Gibt es zu iperf ein Howto oder eine Docu oder so was? ich hab nicht viel gefunden.

----------

## Finswimmer

google: iperf howto

Da findest du genug

----------

## l3u

Ich hab das bisher so gemacht: http://nasauber.de/linux_know_how/?id=lanspeed

----------

## 72_6f_6c_61_6e_64

Danke, ich hab jetzt ein paar Anleitungen gefunden.

Aber ich hab das Problem, dass ich nur einen Gento Rechner habe.

Ich habe also daheim keinen Gentoo-Rechner (Nicht mal einen Windows-Rechner) der laufen würde, wenn ich aus der Schule einen Bandwith-Test machen möchte.
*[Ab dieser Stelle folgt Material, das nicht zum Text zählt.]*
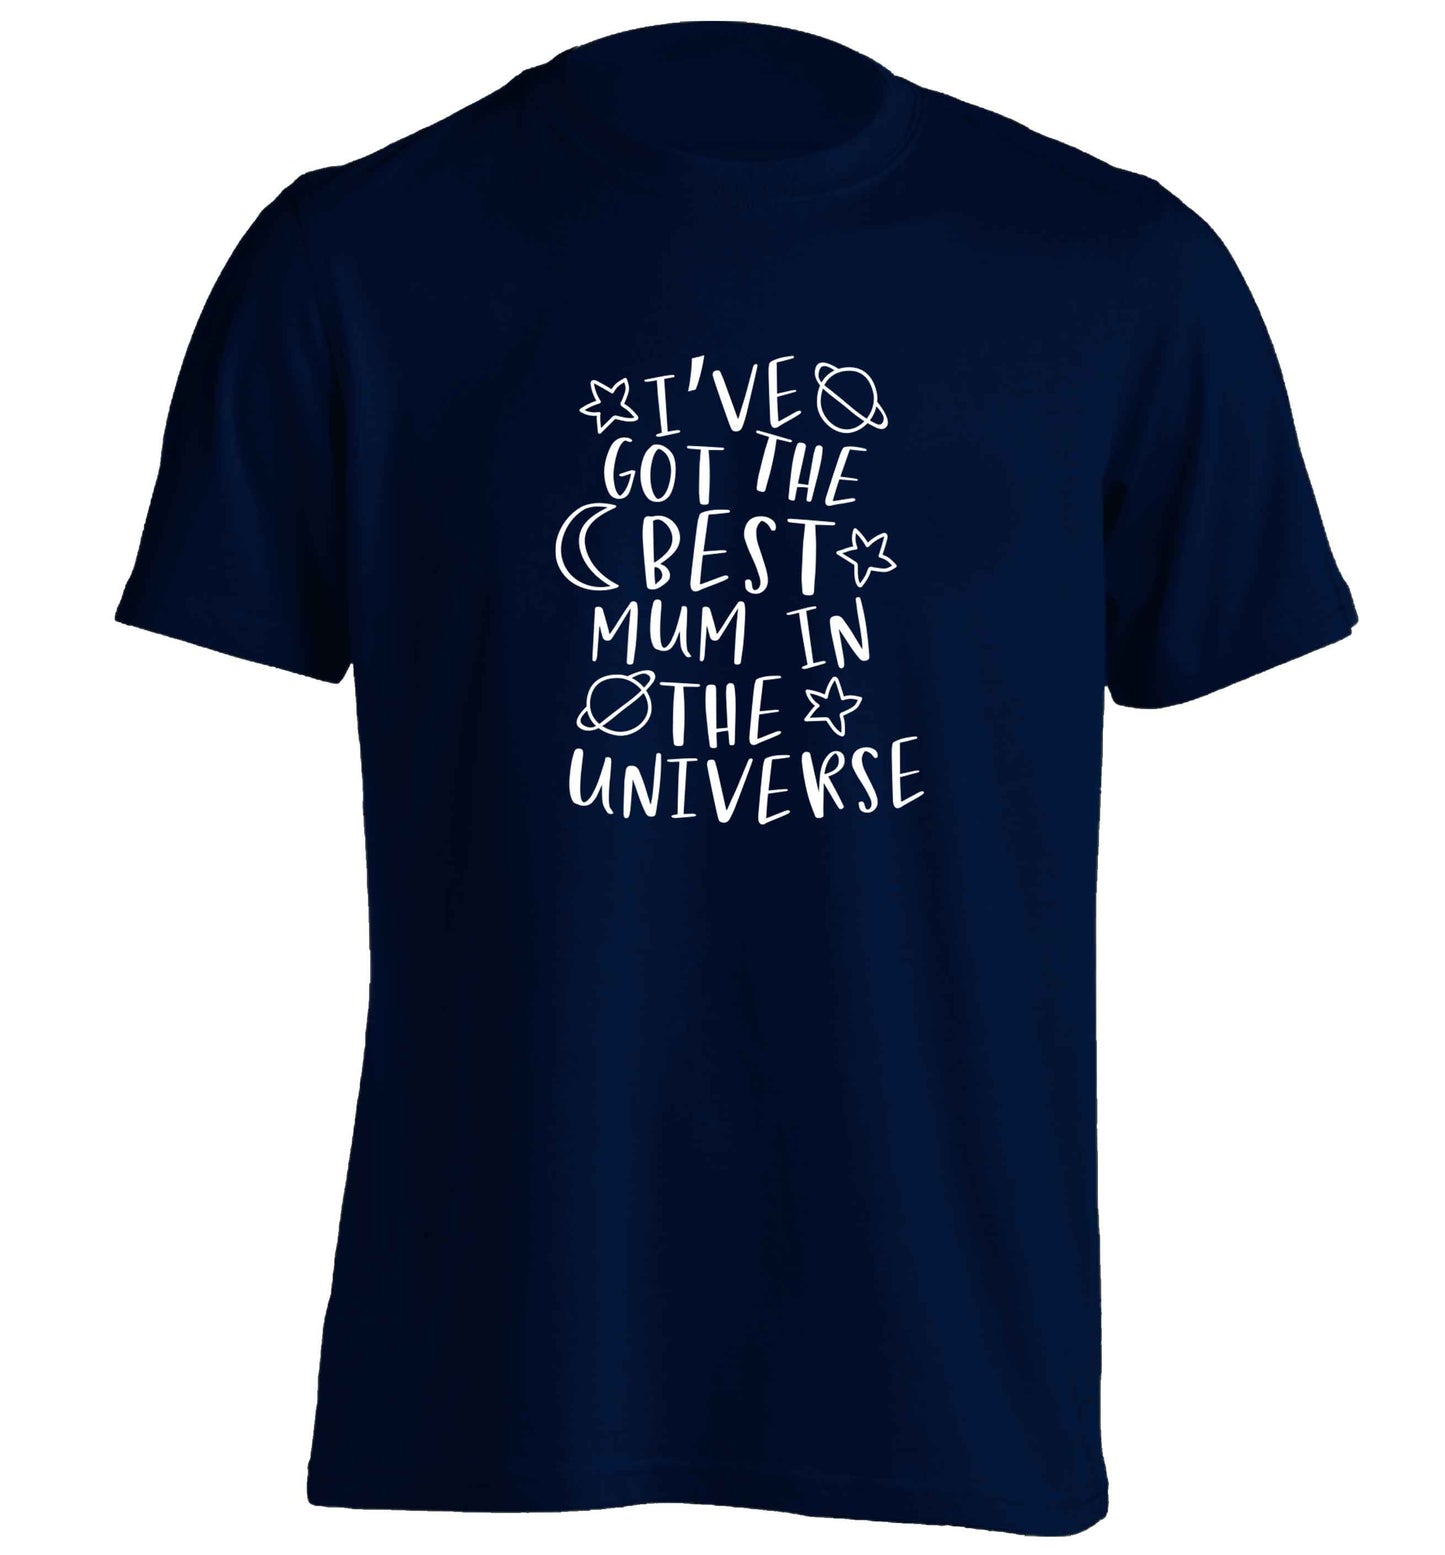 I have the best mummy in the whole wide world adults unisex navy Tshirt 2XL

Braucht man da immer 2 oder gibt es irgendwo "öffentliche" Server die man verwenden kann?

----------

## Treborius

naja würde es nicht auch ein script tun,

welches zB 

- den aktuellen kernel runterlädt (wäre aber irgendwie assi gegenüber kernel.org)

- die zeit misst

- bandbreite berechnet?

man könnte ja auch irgendnen patch von microsoft runterladen?

----------

## 72_6f_6c_61_6e_64

Nur wie misst der dann die DownloadGeschwindigkeit?

----------